Friday, June 27, 2008

I Followed . . .

. . . interstate-80 thru Indiana, into Ohio. Some states are endless fields. The tall wheat of Kansas sways in the wind, rippling out like a body of water. Other states, like Pennsylvania, are covered in green. In those states, you and the road you're on are the eyesore. Indiana is a power line. An irritating buzz hums across the state. You feel unhealthy just being there. It's like Biff's Hill Valley of the alternate '85.

The unabridged audio recording of Frank Hebert's Dune was failing to captivate me with each mile. "What the hell is a Benny Jesuit?" I was starved. I hadn't eaten all day for fear of spoiling my appetite before Philly. Given the time table, I expected to arrive at my stopping point around five AM. I wondered how that was going to work. Eat dinner at dawn. Sleep in your car under the hot sun. Wake up around two or three and hit New York at rush hour. I don't think I planned this out very well. Crossing into PA, I pulled into the parking lot of a twentyfourhour service center. There was enough light to provide safety, but not enough to keep me awake. I leaned the seat far back. Tucked in my legs, and fell asleep.

I awoke at fourinthemorning. My ureter felt like it was crawling with termites. A half-filled, warm Gatorade bottle later, I decided to head back on the road. I nearly pulled out onto the exit before deciding that I could probably benefit from a few more hours of sleep. At ninethirty AM, I was on I-76.

Elevenfifteen. Gettysburg. Boring.

I'm accustomed to tolls running a few dollars. The toll into Philadelphia was seventeen. Cramped doesn't even begin to describe the city. No matter where you are, or where you go, you're shoulder-to-shoulder with someone. The roads and buildings are narrow. Cars park on either side of all the streets, yet the traffic is two-way. If a car wasn't stationed in close enough to the curb, it backs up traffic for blocks. People sit on the sidewalk in old dining chairs. Children run naked through the streets. As I pulled into downtown, I found myself stuck behind a sightseeing bus shaped like a duck. I rolled down the window and hung out the cab, following it for twenty minutes. There's nothing greater than stealing something intangible like a service. It's the perfect crime.

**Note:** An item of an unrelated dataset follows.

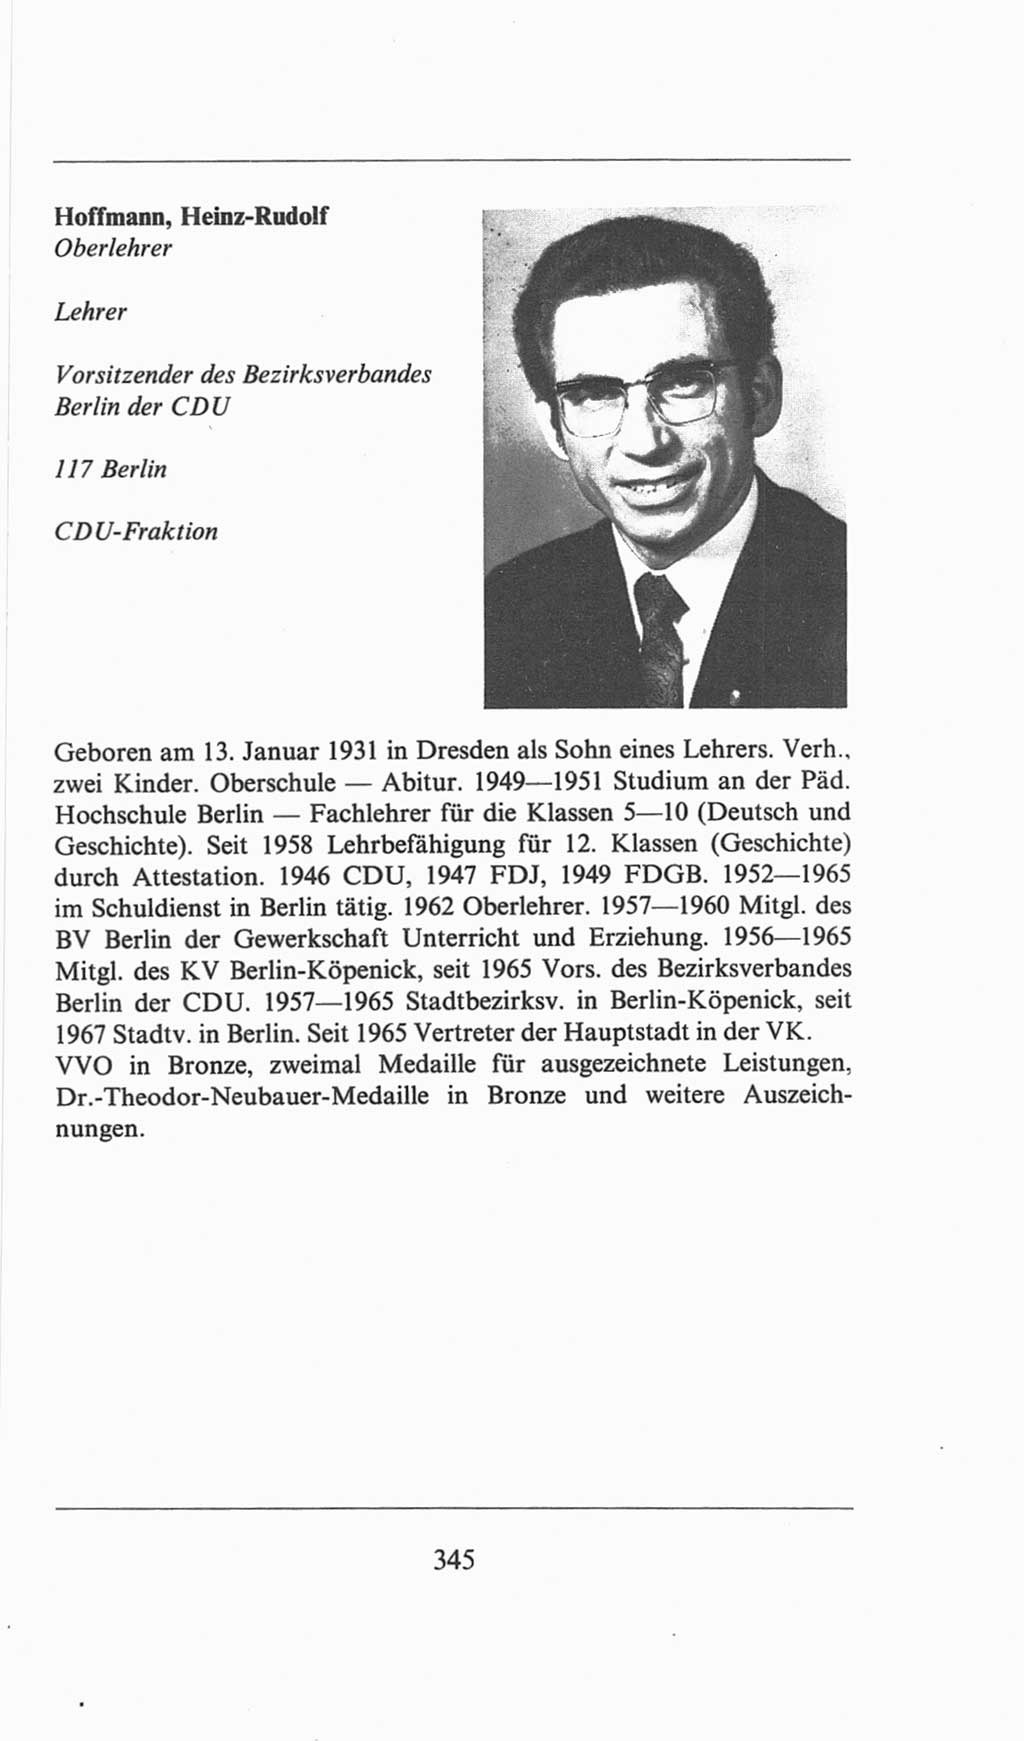 Volkskammer (VK) der Deutschen Demokratischen Republik (DDR), 6. Wahlperiode 1971-1976, Seite 345 (VK. DDR 6. WP. 1971-1976, S. 345)

Before I left Chicago, I updated my facebook status to note that I planned on grabbing a cheesesteak from Pat's in Philly. Several people had contacted me to say that Gino's across the street is better. I figured that Pat's claims to be the inventor of the cheesesteak, I'd give them a try first, then go to Gino's to determine who offers the greater steak sandwi.

When you order from Pat's, you stand on a plaque reading, "On this spot stood Sylvester Stallone filming the great motion picture Rocky. Nov. 21, 1975". The sandwich is bread, sliced steak, and onions. I didn't know about the last ingredient. They take a paint stirrer from a giant bucket of Cheese Whiz and slap it across the sandwich. What was handed to me was downright offensive. I ate as I stood. Discarding the wrapper, I crossed the street to Gino's.

At Ginos', photos of a man who I presume to be Gino, shaking hands with various celebs, are hung alongside a sign stating, "We Are In America, Speak English." T-shirts bearing this are available for ten dollars. A faded poster is taped to the window. "In Memory of Officer Daniel Faulkner. Murdered by Mumia Abu-Jamal." Fuck. This place is owned and managed by nationalistic assholes. But they have what many claim to be the best cheeseteak in town. This is confliction.

Gino's was the better cheesesteak. But it pained me to give them my business.